Building reliable systems (Week 11, Monday, March 24)

Reliability for large-scale systems

Experiences of James Hamilton, then at Windows Live. (On Designing and Deploying Internet-scale Services)

Three main principles (Bill Hoffman):

Expect failures
Keep things simple
Automate everything

Application design

Keep development, test, and operations staff close to each other

DevOps approach: “You built it, you support it”

Failure recovery must be

Simple
Tested frequently
Perhaps hard-fail systems to shut them down

Redundancy

Availability of four to five 9s require redundant systems
True redundancy means you can hard-fail any system without work loss

Support and deploy only one version

Multi-tenant your services

Share hardware cost across all services
Give up some system efficiency for operations efficiency

Allow rare human intervention in an emergency

Test the scripts with fire drills or Game Days

Admission control—block new work when system is overloaded

Do this at interfaces within the system as well
- For example, allow users to read but not write

Shard the data

Arbitrarily adjustable (not just first letter of family name)
- Use a hash or dictionary to map primary keys to shards
Not bound to any real-world object (not “all employees of organization X”)

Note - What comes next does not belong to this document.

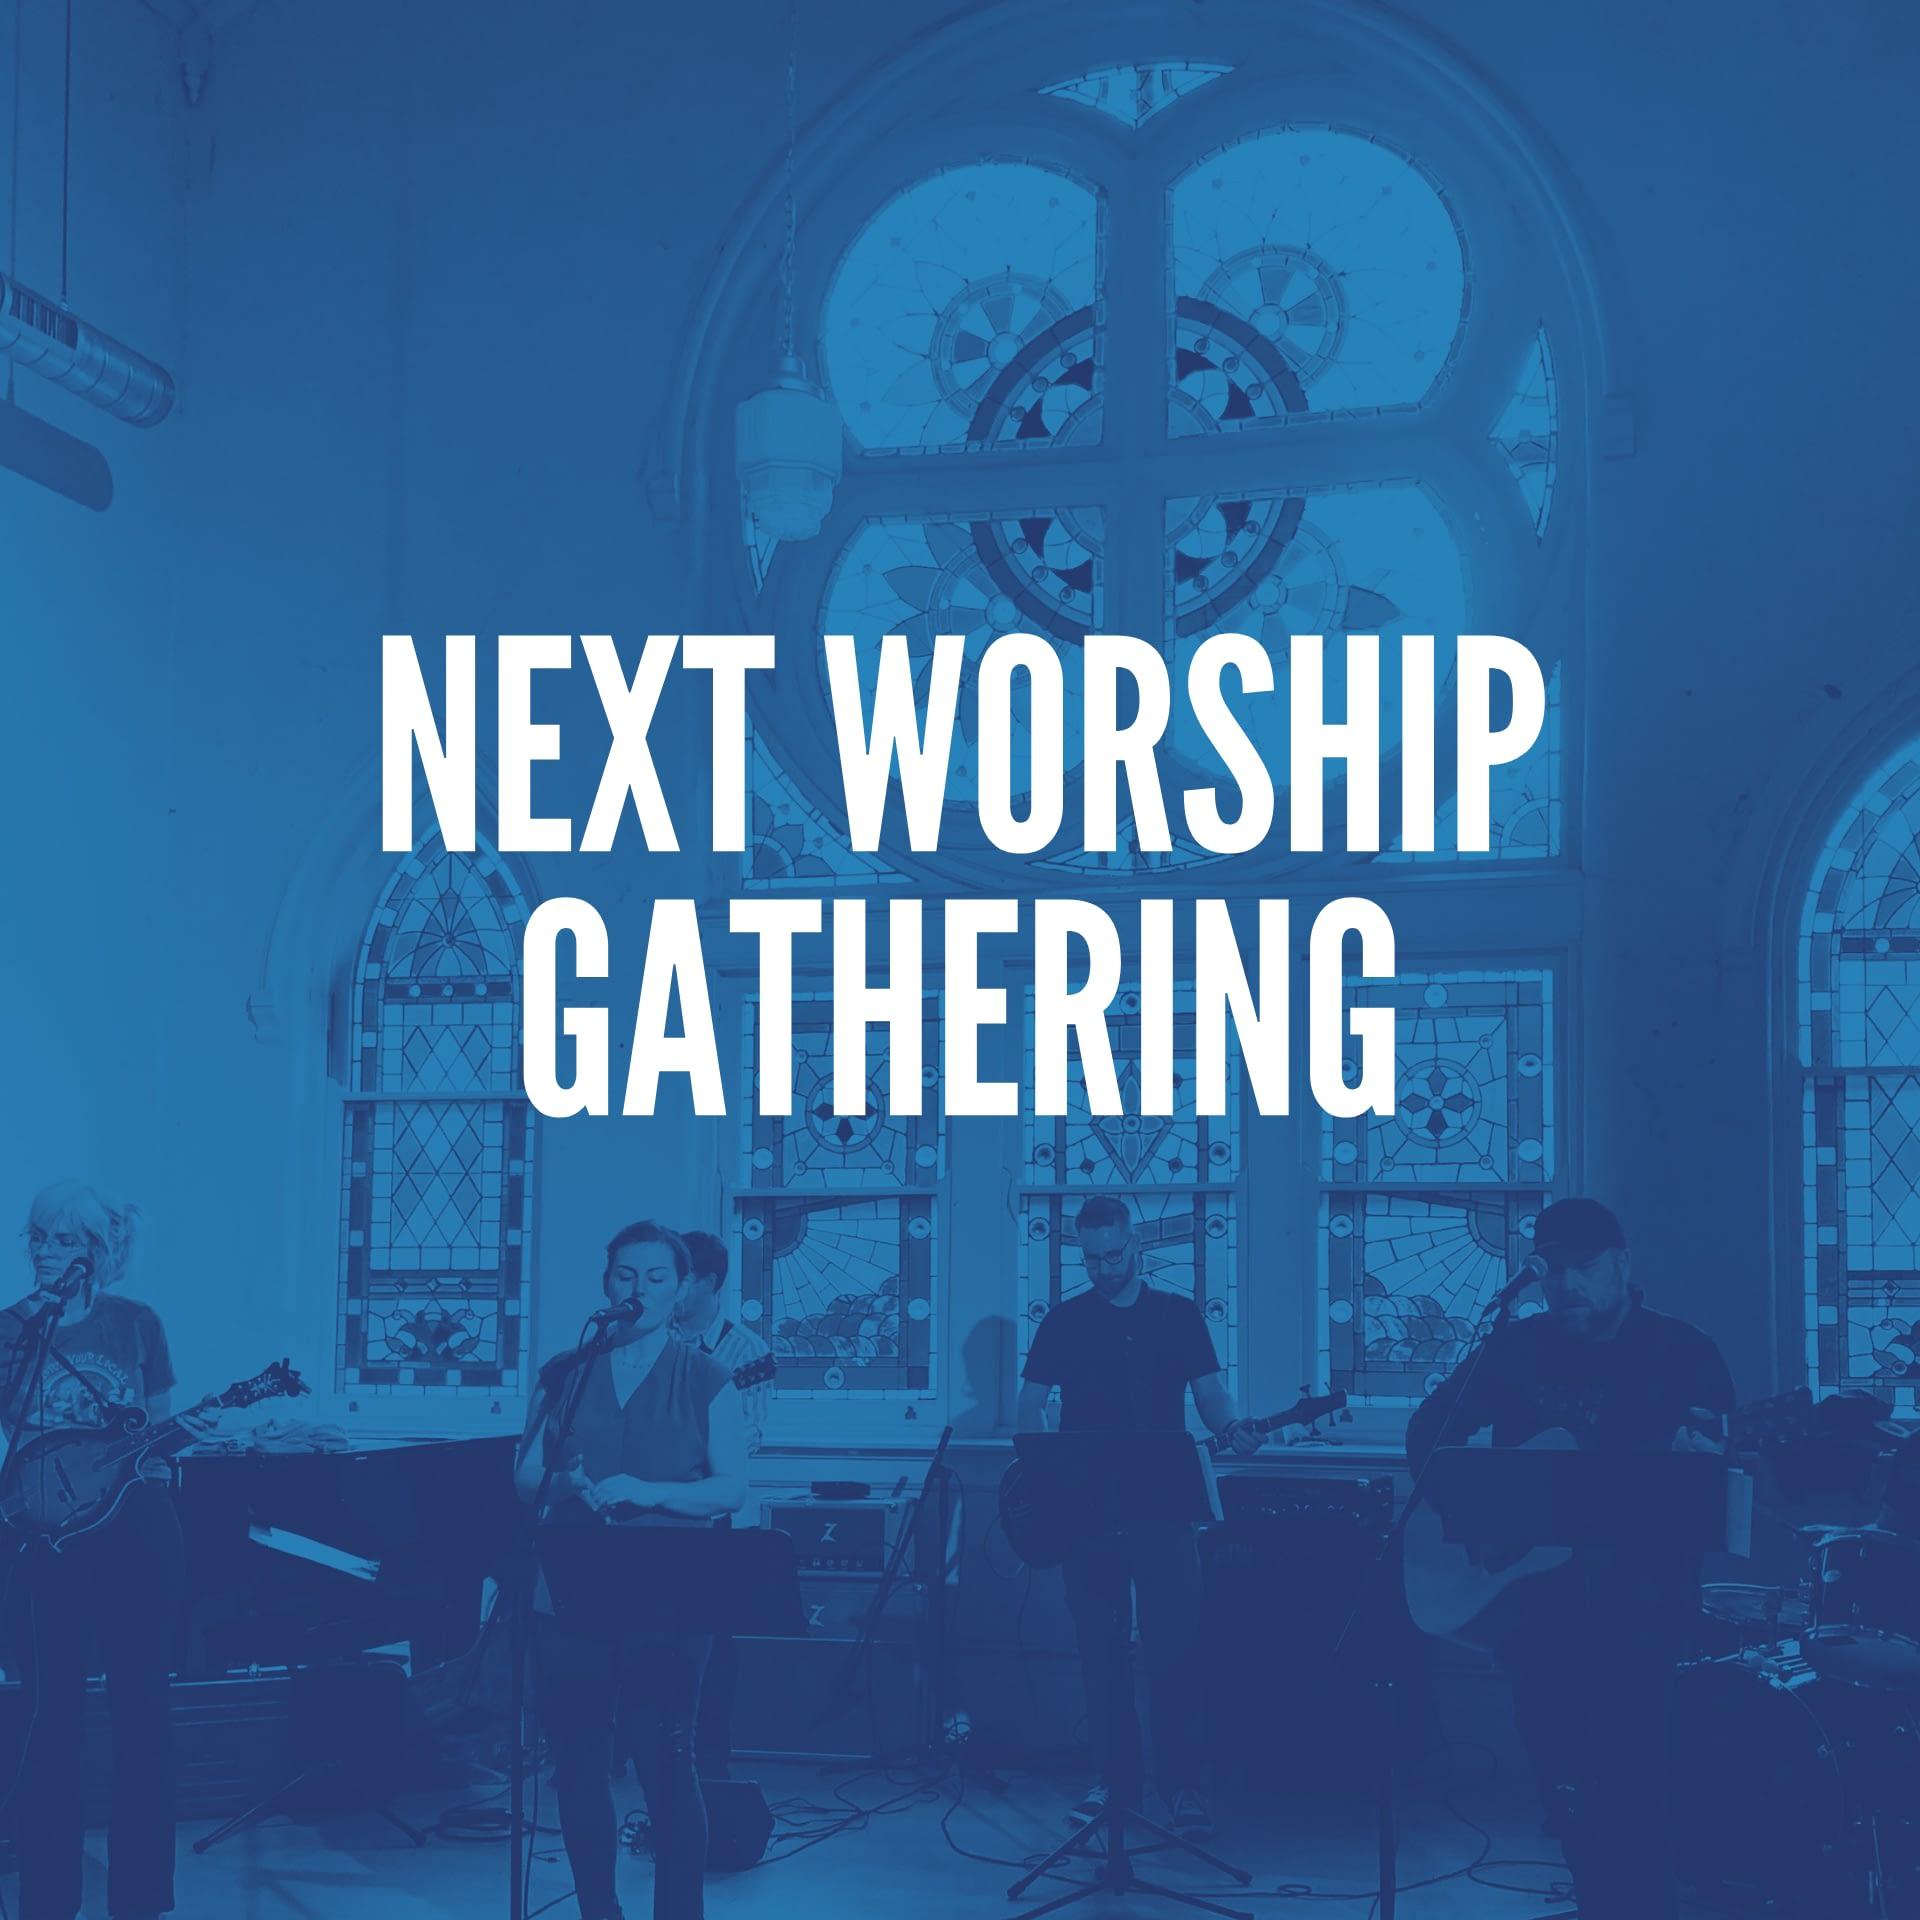 Next Worship Gathering

Analyze throughput and latency

With background tasks running (garbage collection, etc.)
Predict and measure access patterns (especially to databases, but also network and other components)
Every call to a subservice should have a timeout
- Bound the number of restarts
- Log restarts
Dependent (lower-level) servics should commit to the same overall SLAs as their callers

Automatic management

Make your secondary backups synchronous

The write is considered complete when both copies are written
- Cost in longer latency and lower throughput
You can instantly route requests to the backup when the primary fails

Build in recovery at higher levels, not lower

The service should have redundant messages
- Don’t conceal it lower, at the network protocol
- TCP doesn’t guarantee reliability across sessions
Fail fast

Fail services regularly—see next day’s class

Operations

Never delete anything * Just mark it deleted * Make everything configurable (“Feature flags”)

The “Big Red Switch”

Turns off all non-essential services
Use it when the system is melting down (or about to)
Resetting the switch should restart stopped services automatically

Control admission into the service

Meter admission into the service when coming up after a failure

Guide to reading for next class

Read all of The Antifragile Organization.

This article describes Netflix’s approach to automatically generating failures of system components. They have created a powerful culture of stress-testing their systems and learning from any failures.